Luisinho

Personal information
- Full name: Luís Miguel Pinheiro Andrade
- Date of birth: 27 March 1990 (age 36)
- Place of birth: Fornos de Algodres, Portugal
- Height: 1.70 m (5 ft 7 in)
- Position: Winger

Team information
- Current team: Fornos de Algodres

Youth career
- 1999–2003: Fornos de Algodres
- 2003–2007: Sporting CP
- 2007–2009: Académica

Senior career*
- Years: Team / Apps / (Gls)
- 2009–2010: Fornos de Algodres / 22 / (4)
- 2010: Pampilhosa / 4 / (1)
- 2010−2015: Académico Viseu / 161 / (27)
- 2015−2017: Boavista / 30 / (2)
- 2016−2017: → Académico Viseu (loan) / 38 / (1)
- 2017−2018: Académica / 28 / (3)
- 2018−2023: Académico Viseu / 98 / (8)
- 2023: Tondela / 3 / (0)
- 2024–: Fornos de Algodres / 42 / (41)

= Luisinho (footballer, born 1990) =

Portuguese footballer

Luís Miguel Pinheiro Andrade (born 27 March 1990), known as Luisinho, is a Portuguese professional footballer who plays as a winger for A.D. Fornos de Algodres.

==Club career==
Born in Fornos de Algodres, Guarda District, Luisinho played lower league football until the age of 23. He joined Académico de Viseu F.C. in December 2010, and helped it promote from the fourth division to the Segunda Liga in his first two full seasons, scoring seven goals in the process.
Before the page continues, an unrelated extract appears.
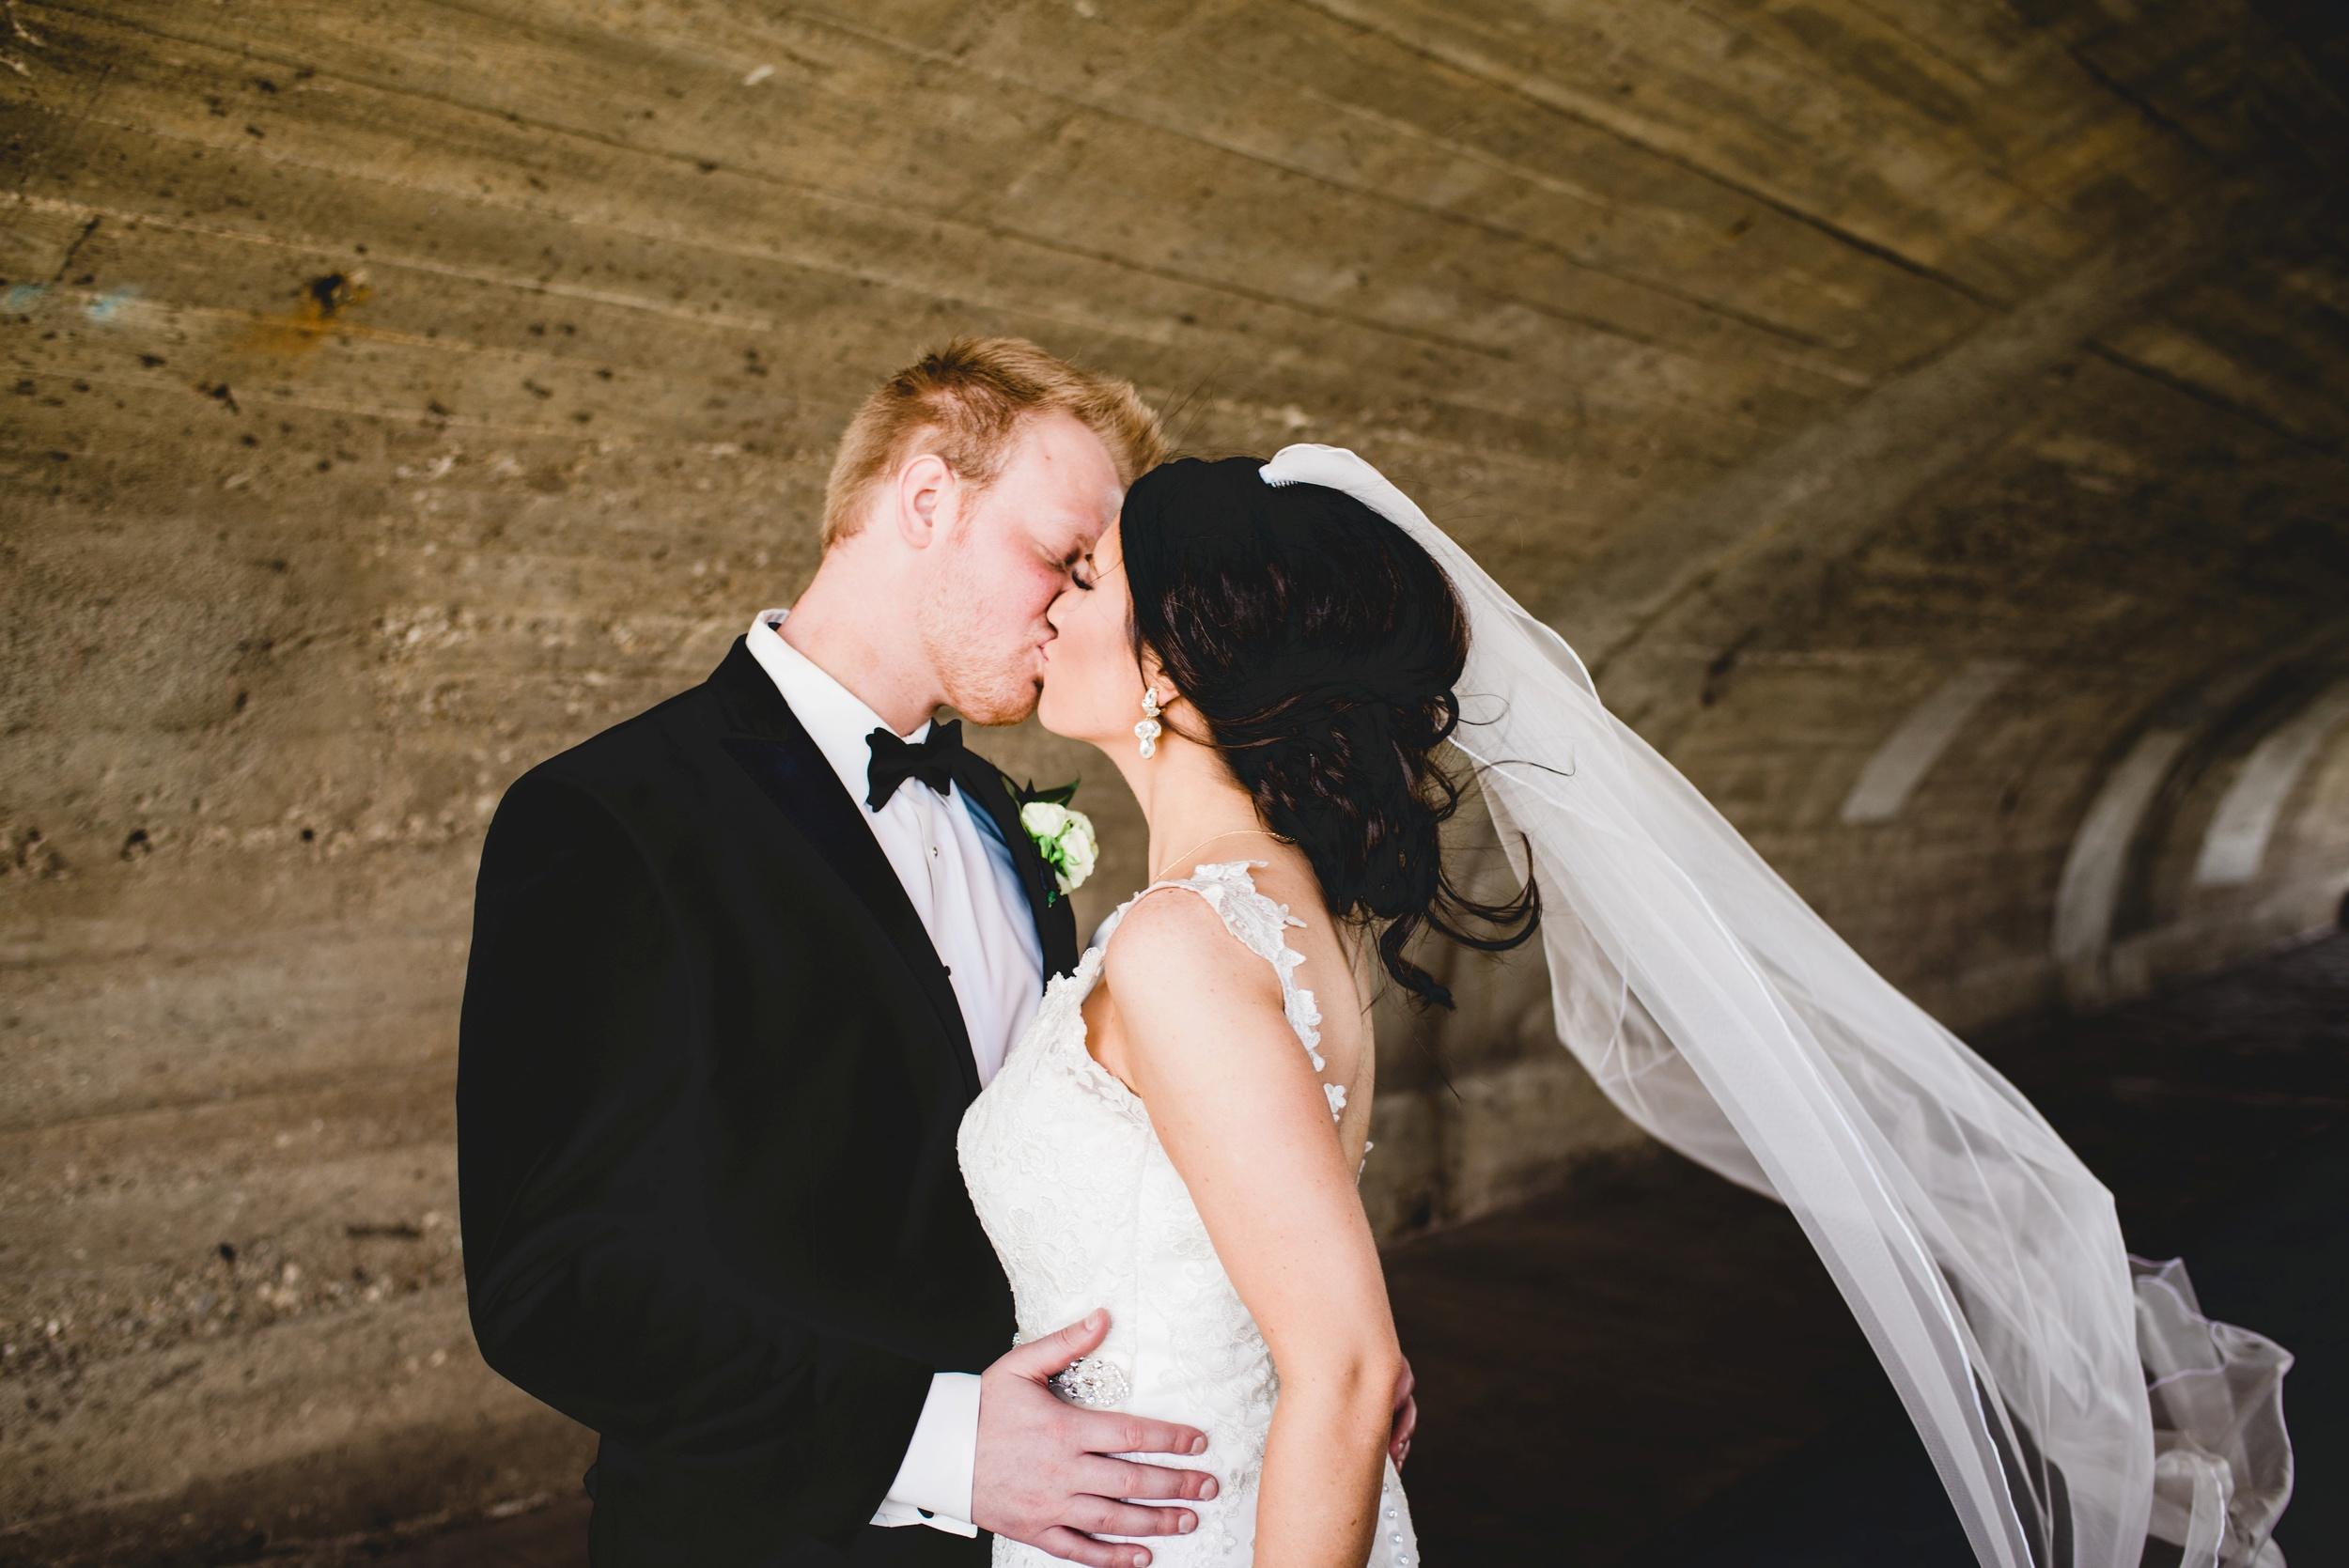 Downtown Des Moines Wedding Photographer_2090.jpg

Luisinho made his professional debut on 27 July 2013, starting in a 1–0 home win against Atlético Clube de Portugal in the first round of the Taça da Liga. His maiden appearance in the second tier occurred on 10 August, as he came on as a second-half substitute in a 2–0 loss at Moreirense FC.
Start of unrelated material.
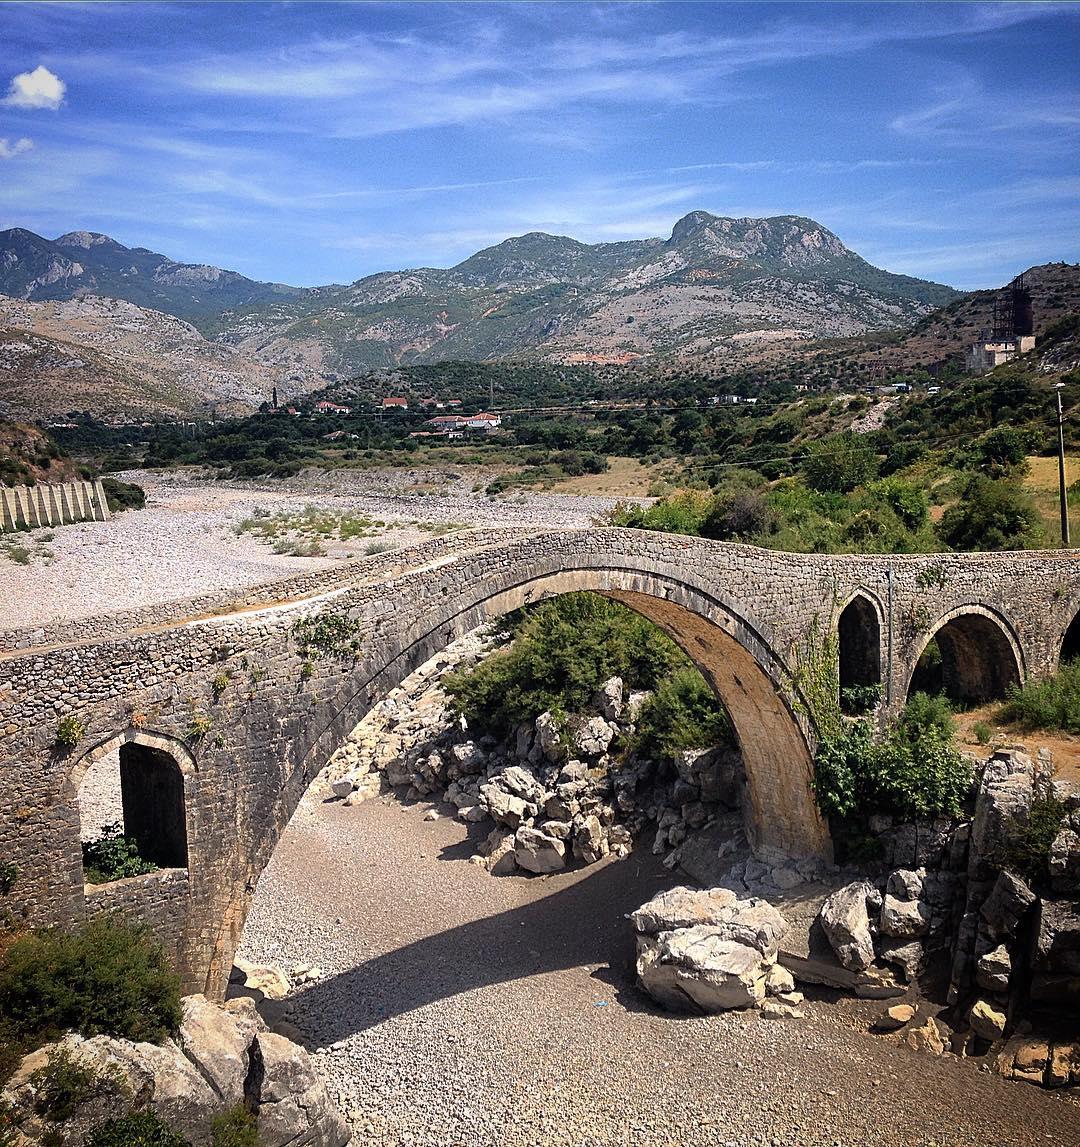 The 18th century Ottoman Mes Bridge

Luisinho first arrived in the Primeira Liga in 2015–16, signing a two-year contract with Boavista F.C. aged 25. He scored in his first game in the competition, helping to a 2–2 draw away to Vitória de Setúbal. He returned to the second division the following campaign, being loaned to his former club Académico Viseu.

On 18 July 2017, Luisinho agreed to a one-year deal with Académica de Coimbra. After it expired, a transfer to F.C. Famalicão was arranged but cancelled shortly after; he remained in division two, however, returning to Académico.

Luisinho left the Estádio do Fontelo at the end of the 2022–23 season, totalling 331 matches and 41 goals across three spells. That summer, the 33-year-old joined fellow second-tier C.D. Tondela on a one-year contract, but left on 6 December.